無駄遣いなのはこちらだって百も承知だ!だけど、無駄遣いがなんだってんだ!こちとら幸せを追い求めてやってんだ!幸せの代償が無駄遣いなら安いもんじゃないか!
と言い張りたい気持ちはあったが、また見つかると殴られるし、幸せを求めてする行為なのに怒られたら元も子もないので、自分の中で無駄遣いにならないようルールを決め、それからも親の目を盗んでこそこそうんこを作り続けた。

そう。この歳になるまで。
たぶん今はもう宮沢りえは馬鹿馬鹿しくて投げ出したであろうこの日課を、わたしは小学生の頃からコツコツと細く長くこの歳までやり続けてるってワケ。ちょっと自慢っぽい言い方になるけど。
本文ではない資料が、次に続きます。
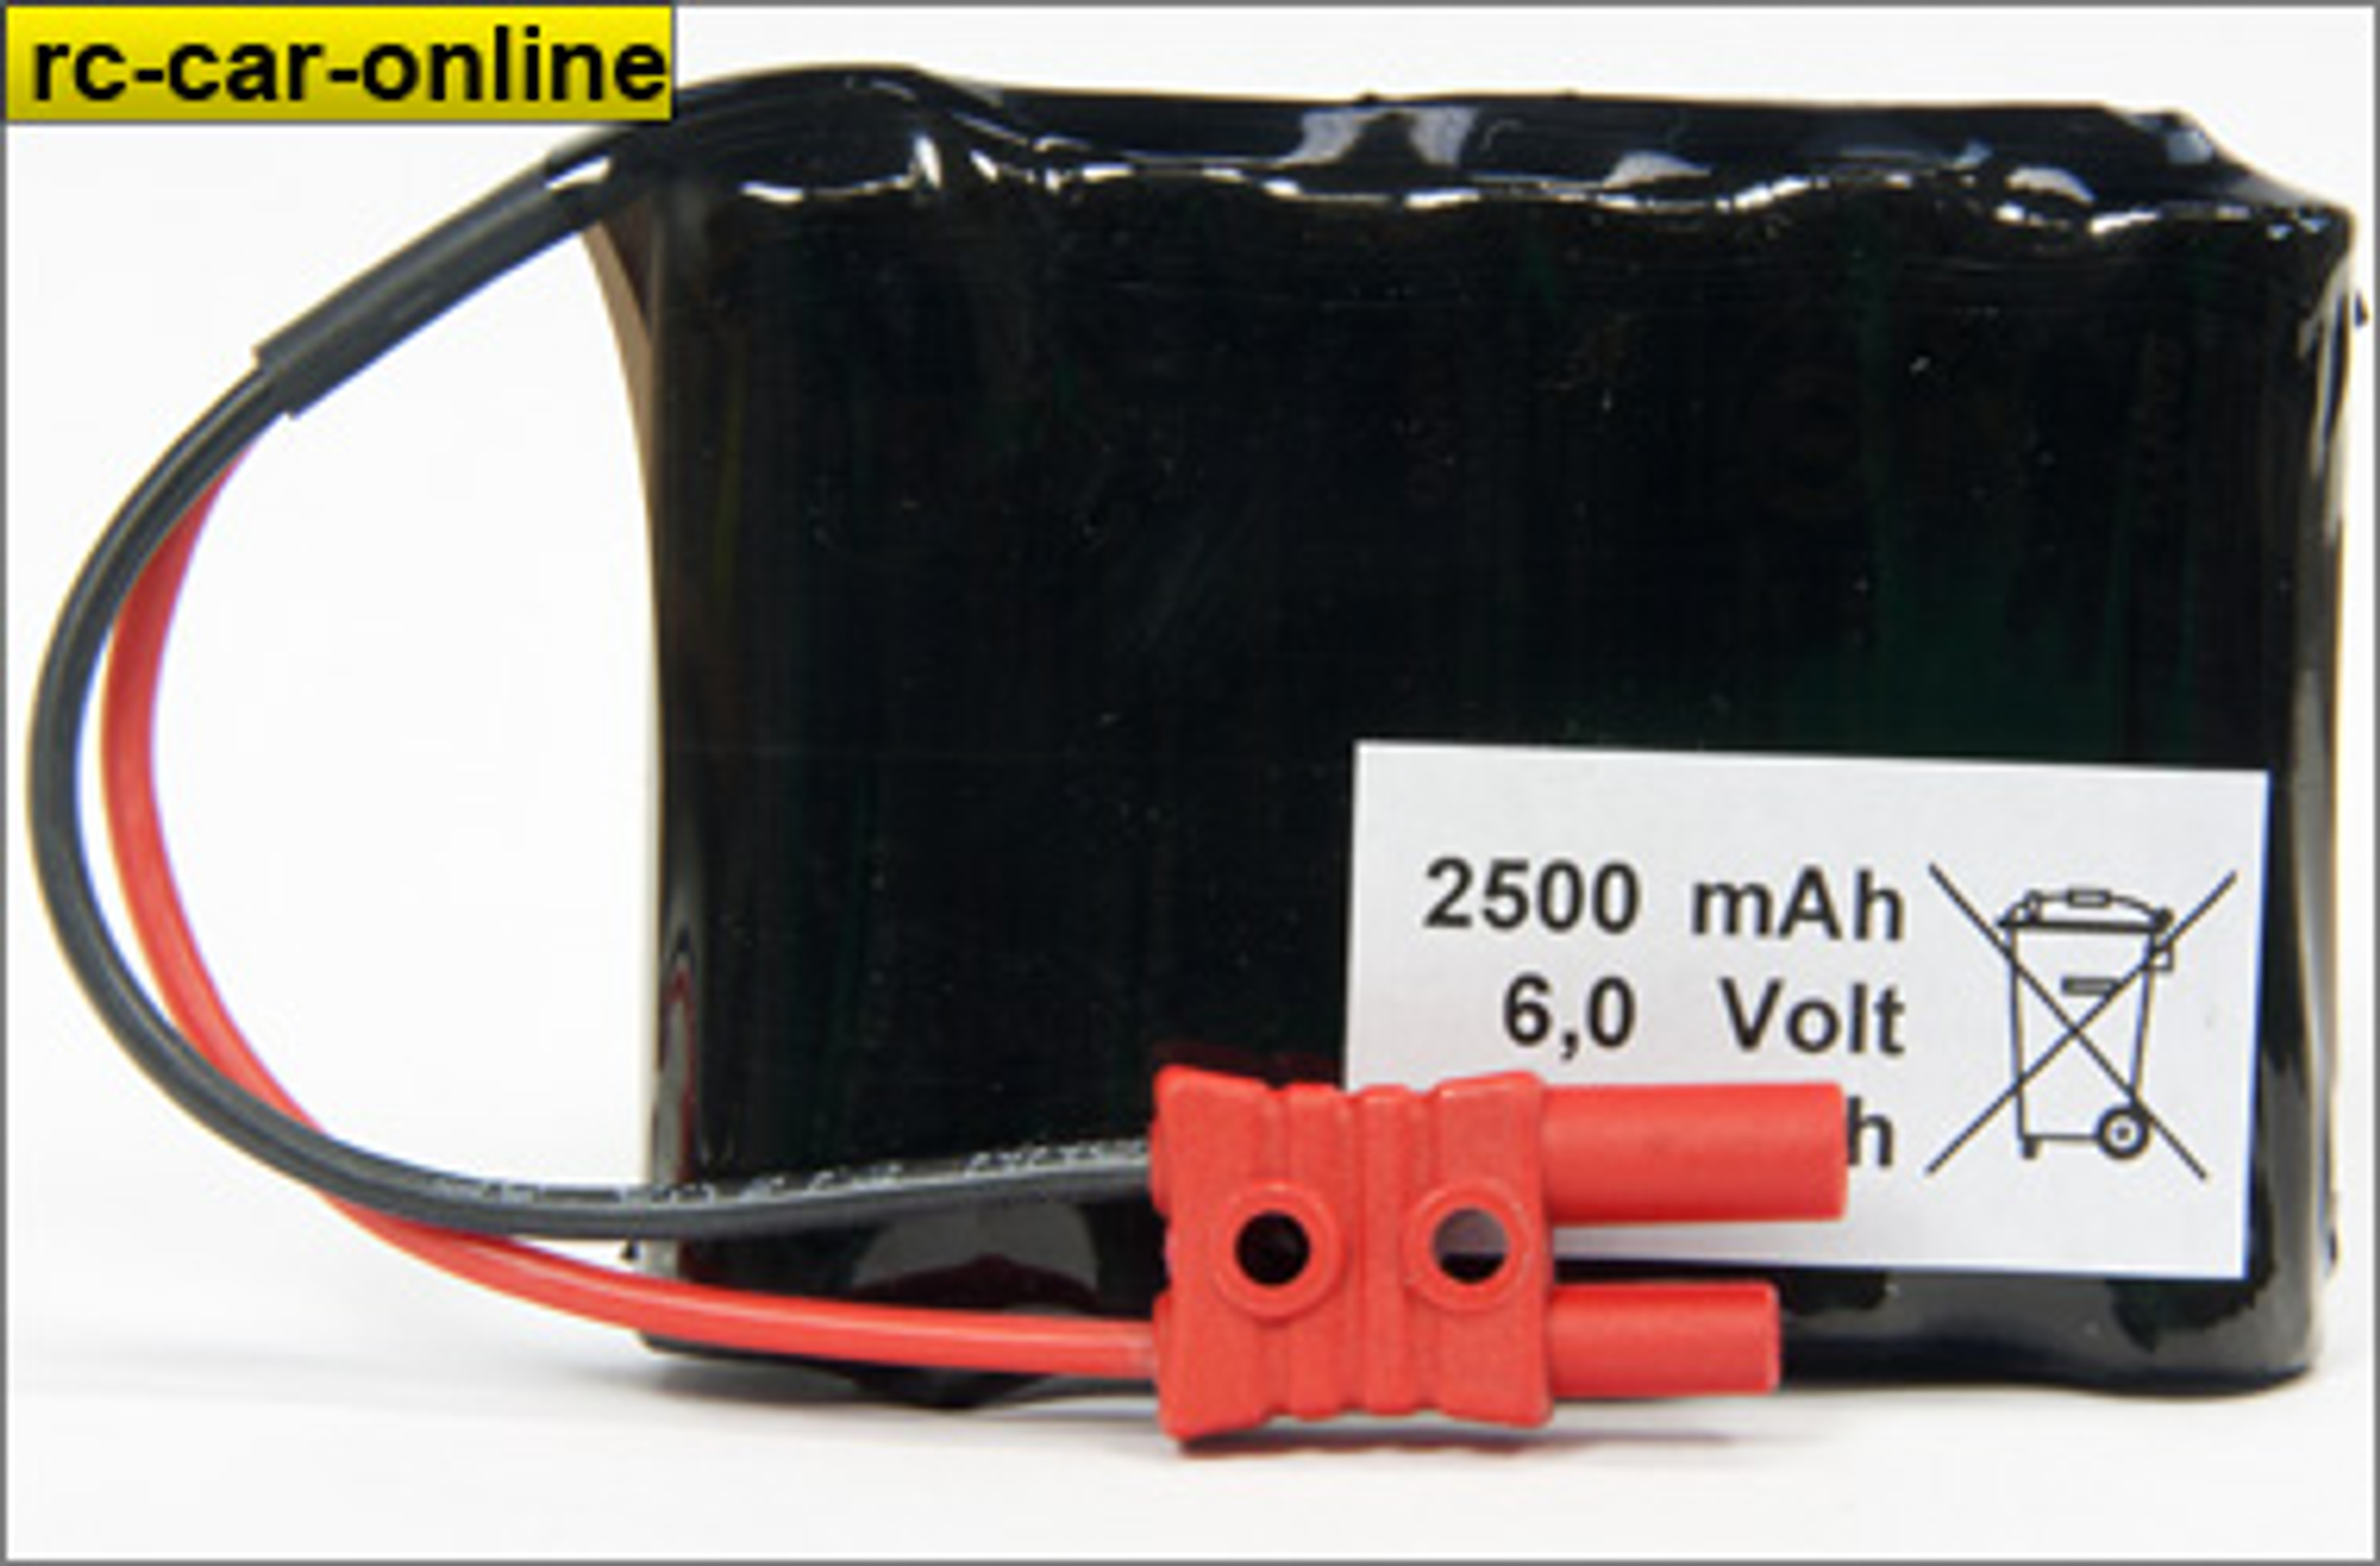 y0663 Sanyo eneloop XX receiver battery 2500 mAh NiMh, 1 pce.
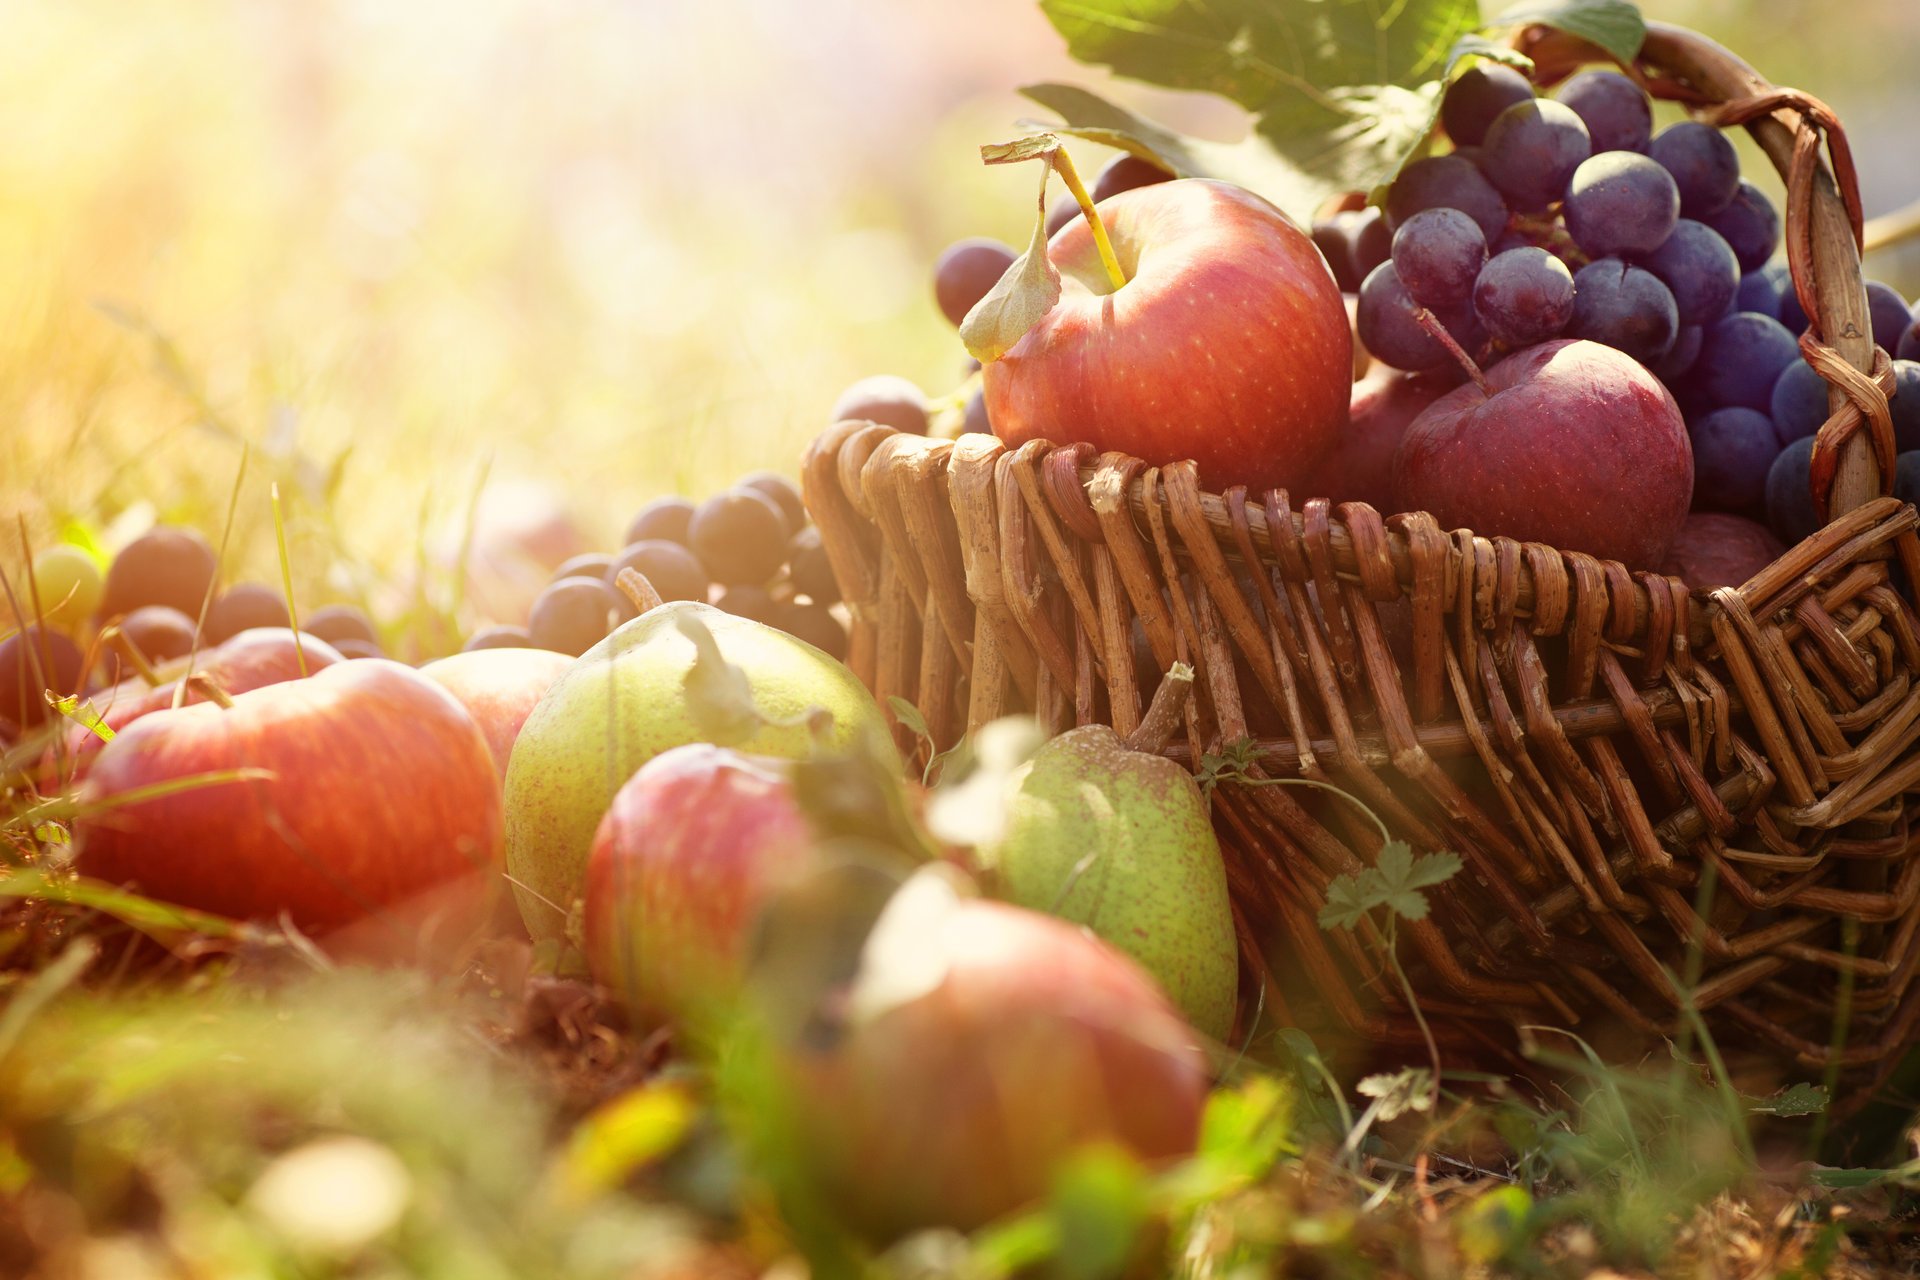 Фруктовая корзина яблок и винограда на траве

でもこの事こひくんに言ってない。もしバレたらまた「このバカッ!無駄遣いっ!」って殴られるかもしんないと思うと(トラウマ)怖くて言えない。あげく普段からあいつは、「おまえは小学生並みだ」とわたしのことをバカにしてるフシがあるので、「うんこ作ってます」なんて言った日にゃあそれこそドツボにはまりかねない。

この日記はこひくんも見ると思うので、どういう反応をされるかハラハラドキドキしている。もしこひくんが「この無駄遣いっ!」と怒り出すようなら、こちらは別れることも辞さない構えだ。